On Wednesday, New York Attorney General Andrew Cuomo revealed that the directors of financial aid at Columbia University, the University of Texas at Austin and the University of Southern California each held personal stock in a student loan company, Student Loan Xpress, that they had been recommending to students.

This news comes after Penn's voluntary $1.6 million settlement with Cuomo over its previously undisclosed revenue-sharing agreement with Citibank.

Thus far, Penn and Columbia are the only two schools in the Ivy League to be implicated in Cuomo's investigation.

According to documents and figures acquired by the Attorney General, Columbia, Texas and USC officials sold their stocks in 2003.
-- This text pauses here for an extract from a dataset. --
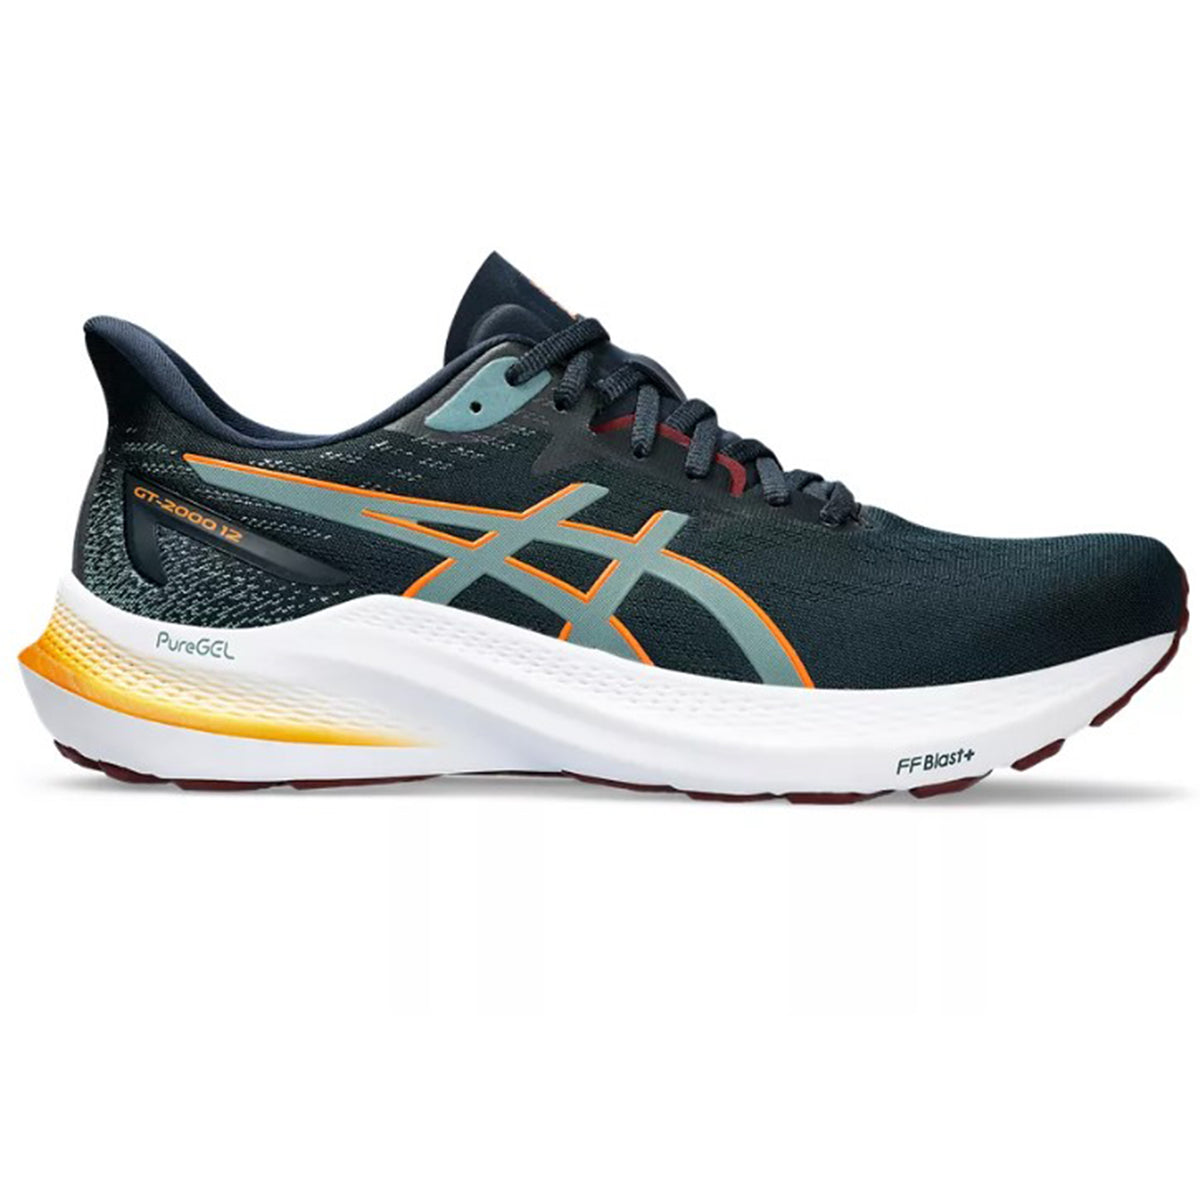 Asics GT2000 12 Mens Running Shoes: French Blue/Foggy Teal

The executive director of financial aid at Columbia, David Charlow, is said to have earned a profit of $100,000.

The Attorney General's office has also found that Charlow reportedly sat on the executive board of Student Loan Xpress.

"As a result of the attention generated by the Attorney General's investigation, we learned that, until 2005, a financial aid administrator at Columbia . had a financial interest in one of our preferred lenders," Columbia spokesman Robert Hornsby wrote in a statement.

"We promptly began an investigation, placed the officer on leave pending a full review and notified the Attorney General," he said.

Cuomo's office did not return repeated requests for comment.

Columbia, unlike Penn, was not previously part of Cuomo's investigation, having not been a part of any revenue-sharing agreements.

At Penn, officials are saying that these actions spell bad news for the student loan industry, in which dozens of schools nationwide have been targets of Cuomo's investigation.

"I am devastated by this," said Penn's Associate Vice President for Finance Frank Claus. "To be on a for-profit board - that's not right for people in our business to do that."